One of my favourite walks is from my home through the Portobello market up to Notting Hill Gate. Once you fight past the tourists, it is a pleasant stroll. A few years ago, I spotted a blue plaque on the side of a house. To my amazement, it was where the novelist George Orwell lived in 1927. The author of Animal Farm and 1984 lived at number 22 Portobello Road.
To my disappointment, the great man never wrote anything worthwhile staying at the house except for a few articles. But it did inspire him to write some important stuff in the early 1930s. According to Gordon Bowker, “In late 1927, his friend Ruth Pitter, the poet, found him an unheated attic at 22 Portobello Road, a short walk from his old home at Notting Hill Gate. The room was so cold that he had to warm his hands over a candle-flame before he could start writing in the morning.

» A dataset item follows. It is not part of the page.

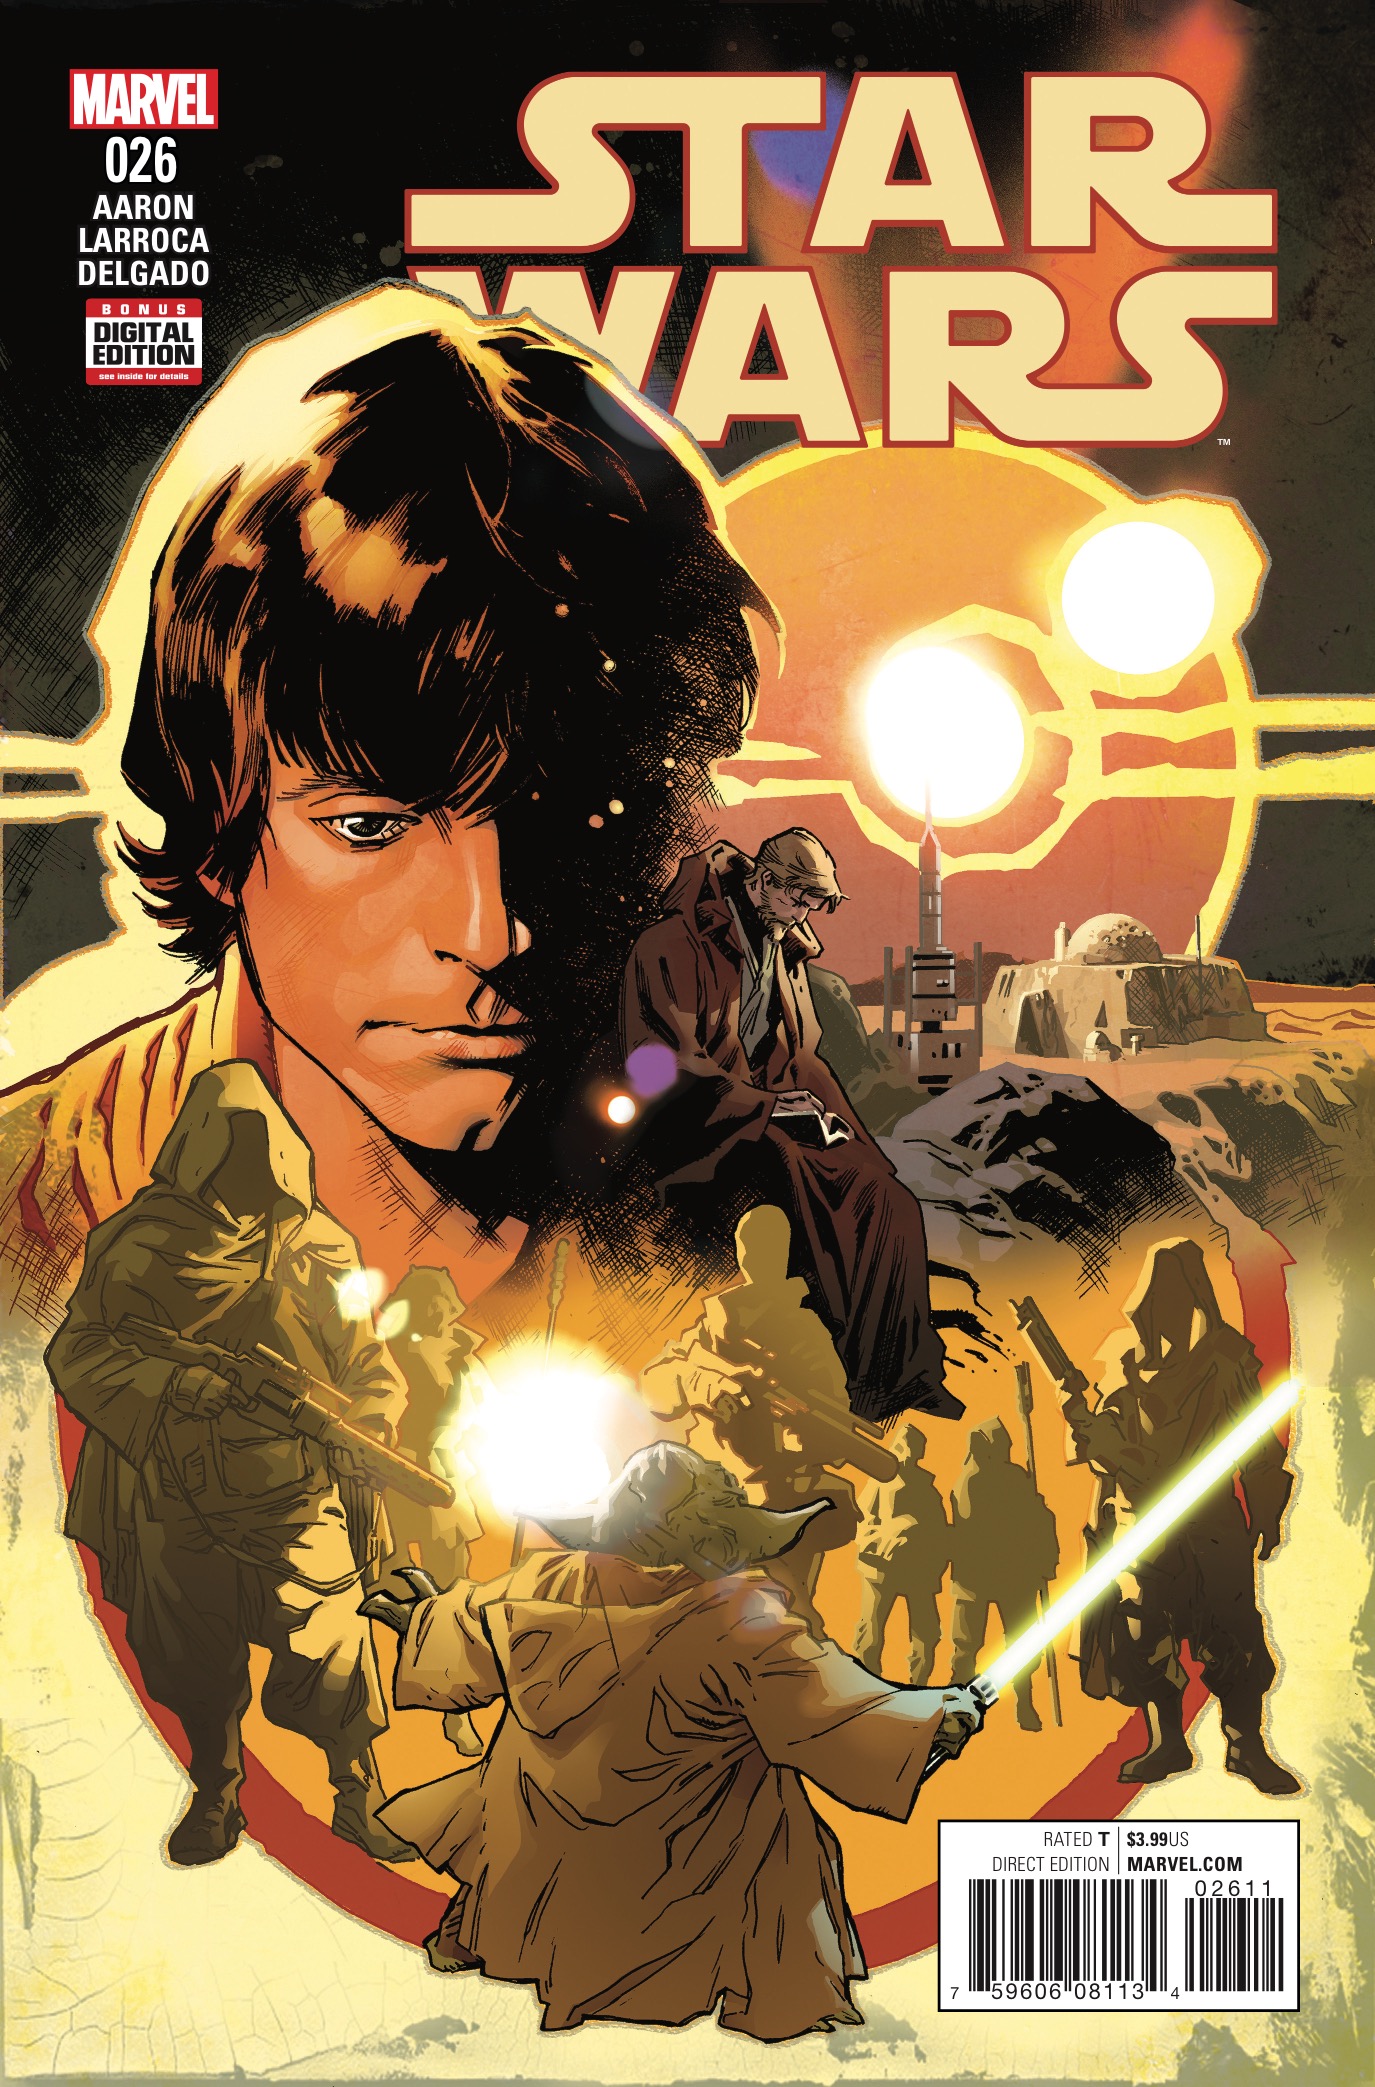 Star Wars #26 Review

From this icy cell, he set out in old clothes to mingle with the tramps and down-and-outs who slept along the Embankment, in common lodging-houses and ‘spikes’, the casual wards of workhouses. Most of these spikes and lodging-houses (or ‘kips’) have long gone, though a few old workhouse buildings survive, often as NHS hospitals. It was from a kip in Lambeth that he tramped down to Kent to go hop-picking among the East Enders and gipsy families who migrated there every year for a working holiday. This experience was recaptured in his first article for the New Statesman in October 1931 and lay at the heart of his second novel, A Clergyman’s Daughter.

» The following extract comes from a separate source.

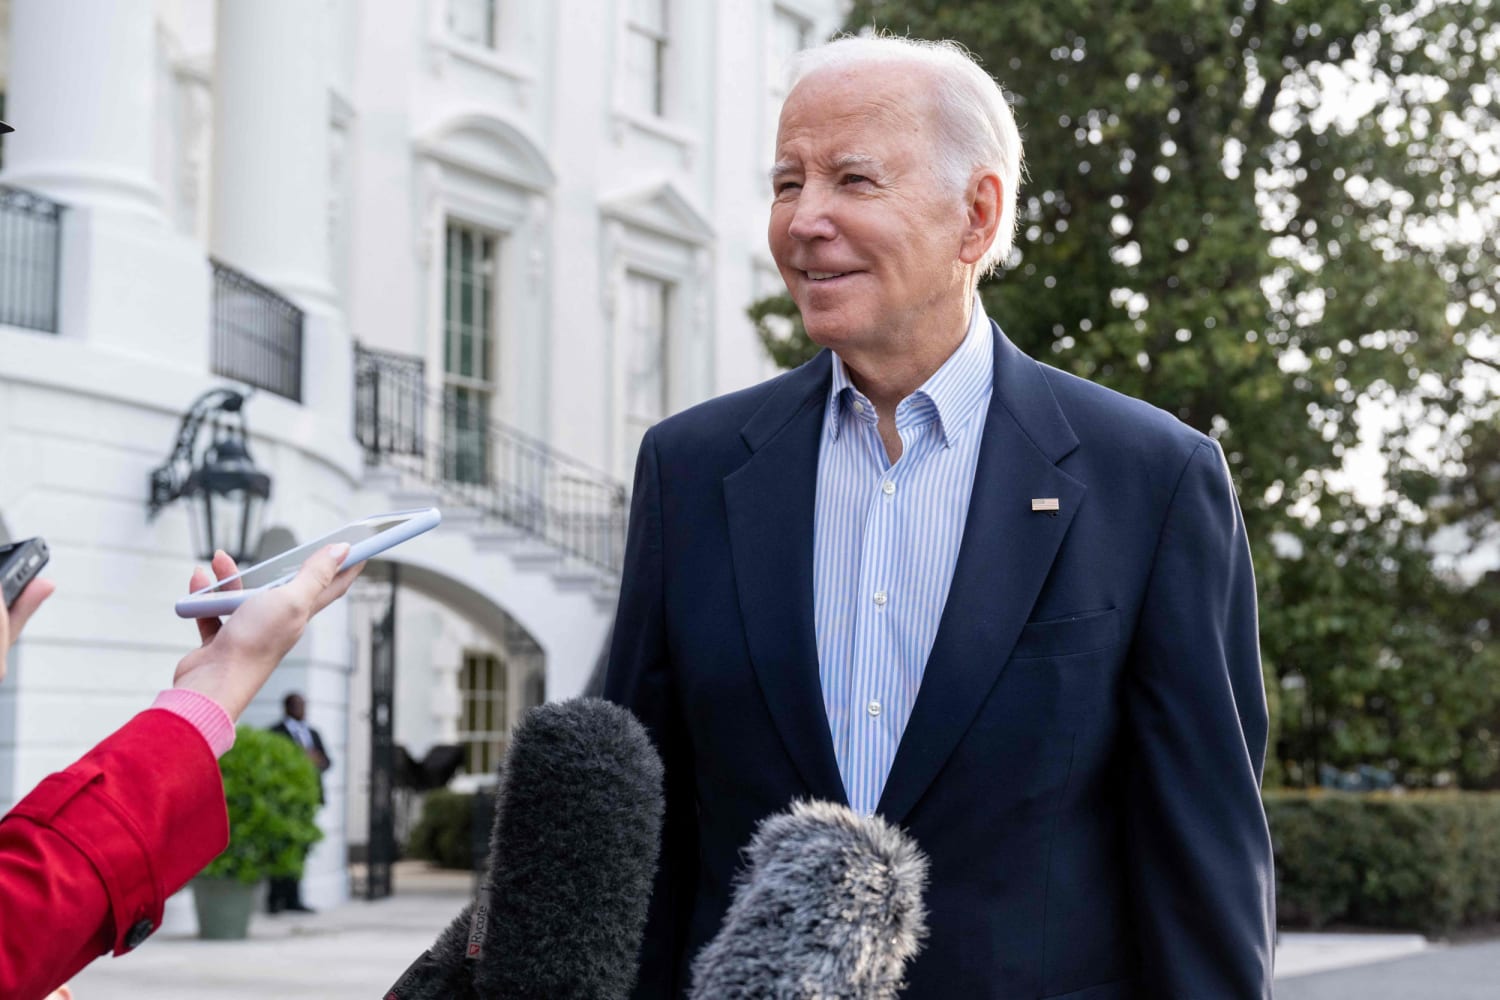 Trump is coming out swinging. Why Biden won’t be taking the bait.

As I said, Notting Hill is a great attraction for tourists looking for a door that does not exist and a bookshop that does not exist except in the film. As I walked by Orwell’s house last week, two young women, whom I assumed were tourists, took a photo outside the house. I guessed they had not spotted the blue plaque, and I was correct. They were even more surprised when I told them who had lived there. I asked one girl if she had read him, and she replied only 1984. I asked her where she was from, and she said Spain. I did not have the energy to tell her that Orwell had fought Fascism in her country. Or that, in my opinion, Homage To Catalonia is his greatest book.